Strange rumblings from readers regarding Nick and Eddie. My e-mail inbox has been lighting up like a Christmas tree for a week with reports of an exodus from the kitchen—Vranian gone (supposedly “bought out” a few weeks ago, which is oftentimes restaurant code for many other things), Steven Brown gone, and Flicker helping out at D'Amico Kitchen. Several friends who are regulars buzzed me to say they had asked about some of these chefs and were told they weren’t there anymore. Some of these folks were just cooking at N & E between other gigs, but some of them have been publicly despondent about the place on their social media pages.
It seems just a few months ago (literally) that the best kept secret in town was the all-star lineup killing it over by Loring Park, so all the recent hubbub made me kinda sad. I ate there twice early on, and really liked much of what I had. Plus the place had that certain indescribable something, sort of like the umami of ambiance. Doug Anderson, the public face of the enterprise, has an incredible knack for striking the right tones with his restaurants and getting details pegged, both elements of restaurant creation that escape so many local owner/operators.
The underlying feeling I have right now about this restaurant is a Yogi Berra-inspired dreamlike evanescence. It’s déjà vu all over again—remember Bakery on Grand and A Rebours? Great openings, great vibes, great teams in place to handle the food coming out of the kitchen, killer cuisine, great everything. Then, just as the restaurants entered puberty, shazam! Kitchens in upheaval, management shake-ups and so on, all ultimately ending in broken hearts as the restaurants became only memories. And looking back, it seems odd that after trying for years to put N & E together and spearheading its concept and design, Anderson wasn’t publicly part of the “official” ownership team. If I remember correctly, it was his wife Jessica, one of the best bakers in town, and Vranian who got all the juice as owner/operators. It seemed quirky at the time, but often what gets written up in press releases or publicly touted when an eatery opens runs contrary to the actual business registry in terms of who owns what. Now looking back, it seems even more odd.

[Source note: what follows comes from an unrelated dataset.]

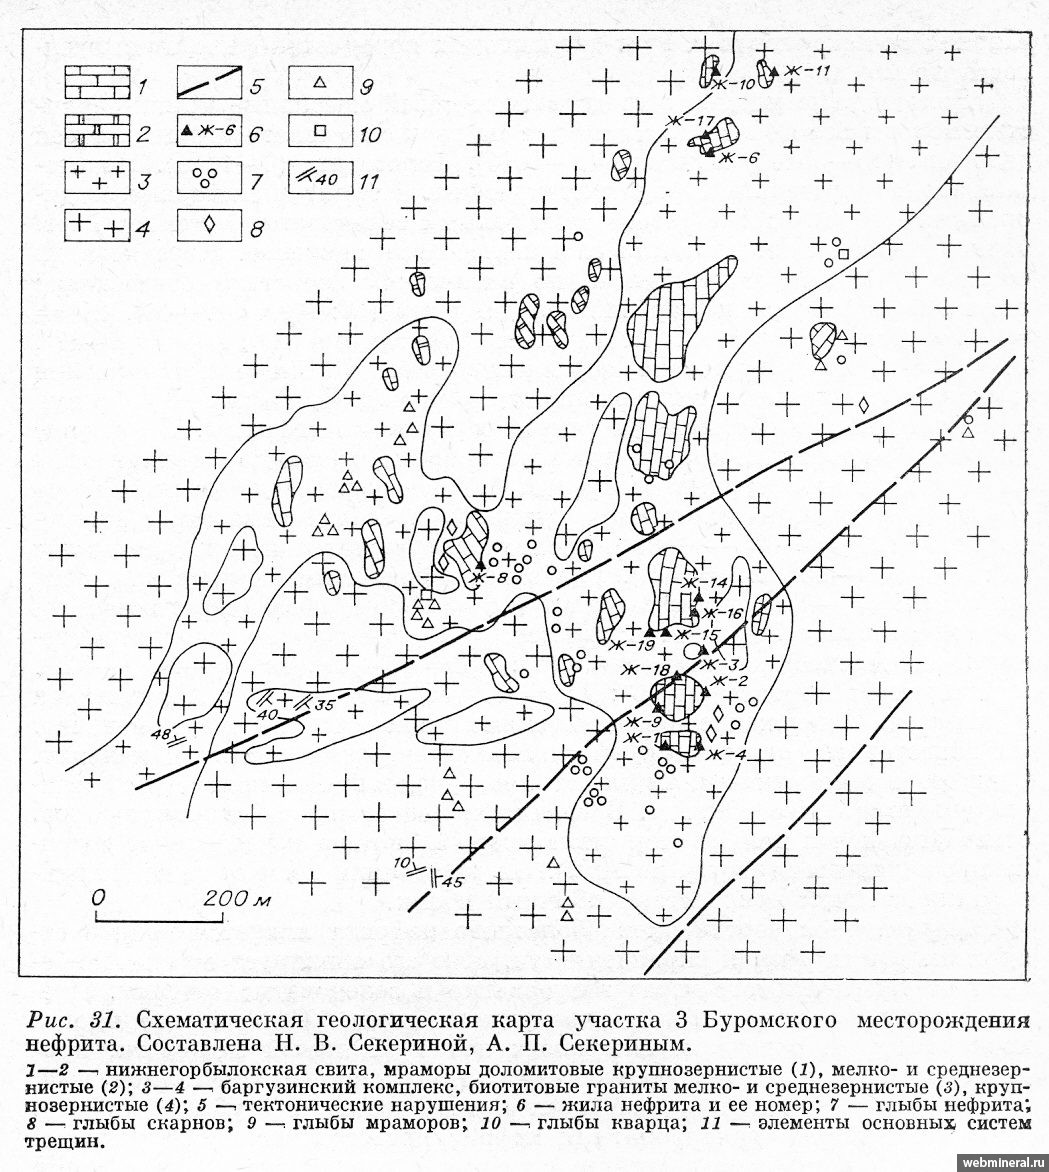 Карта участка №3 Буромского месторождения. Минералы и месторождения. webmineral.ru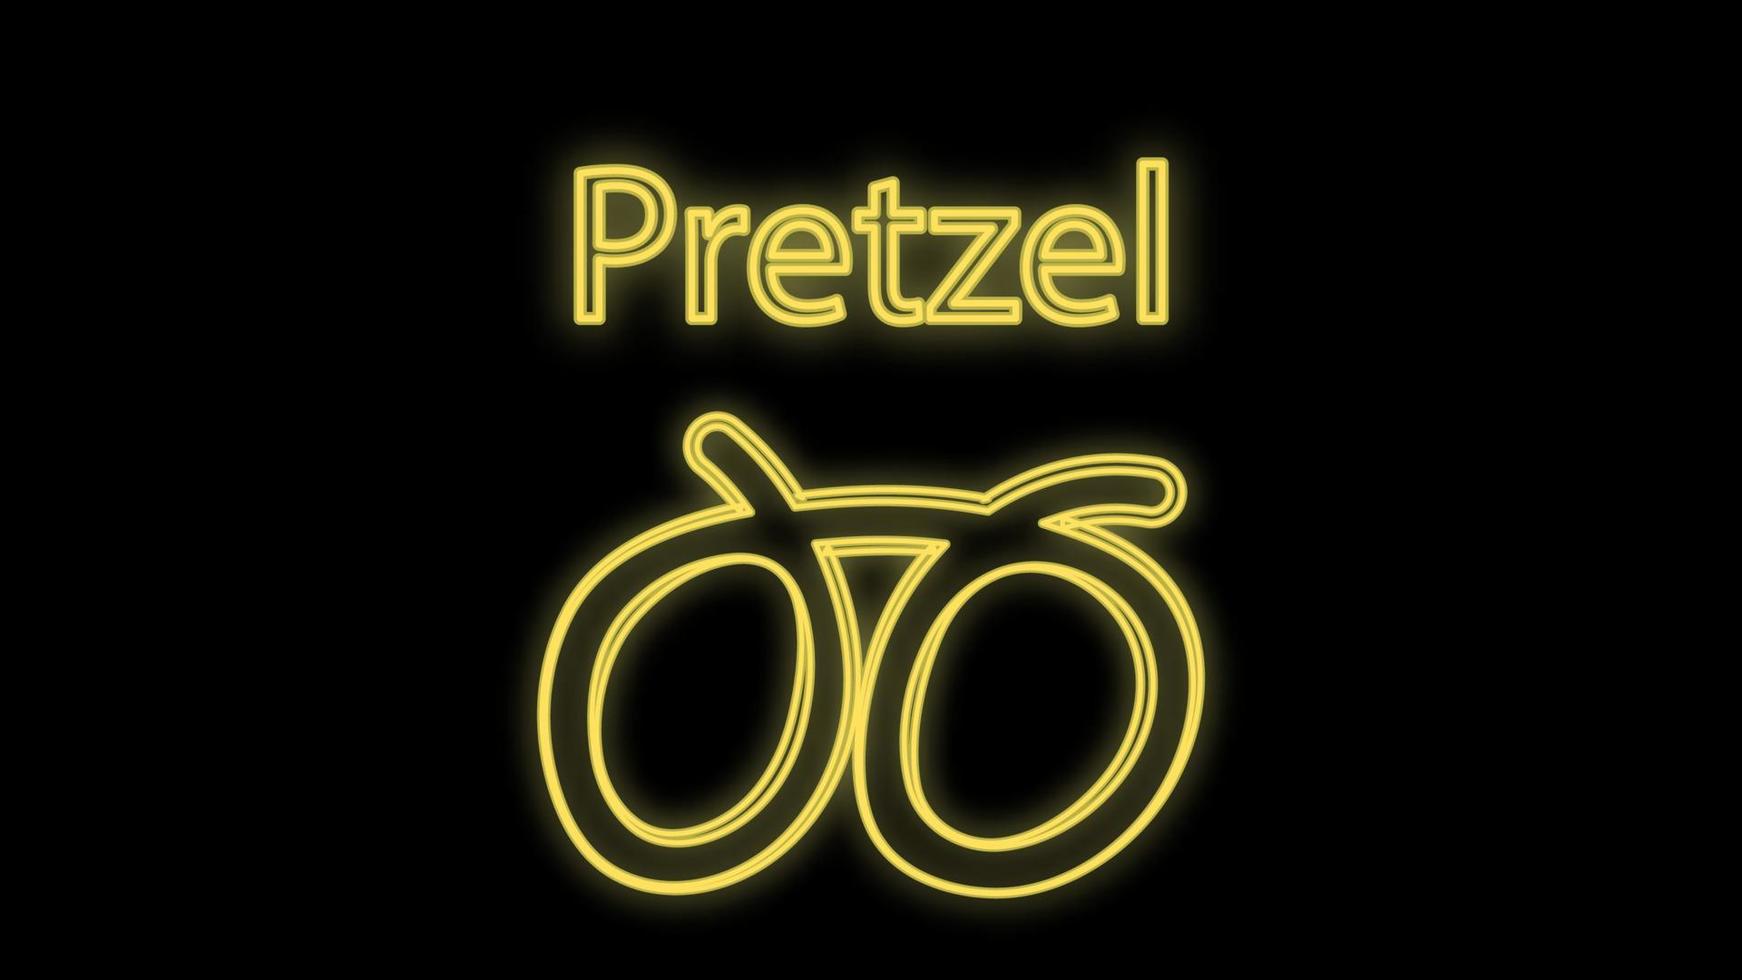 pretzel em fundo preto, ilustração vetorial. pretzel neon na cor amarela, sinal de néon brilhante com letras na parte superior. neon brilhante, decoração e navegação para café vetor

So tell me why I should stay positive on this one where is N & E headed?
One of the most plugged-in and switched-on food mavens in town suggested that Anderson, David Fhima, and Eric Austin should all open a restaurant together called Cataclysm. Cracked me up. I think we get Hecker and Petters to finance the deal and start taking reservations
And am I the only person truly let down by the lack of interesting new edible offerings at the State Fair this year?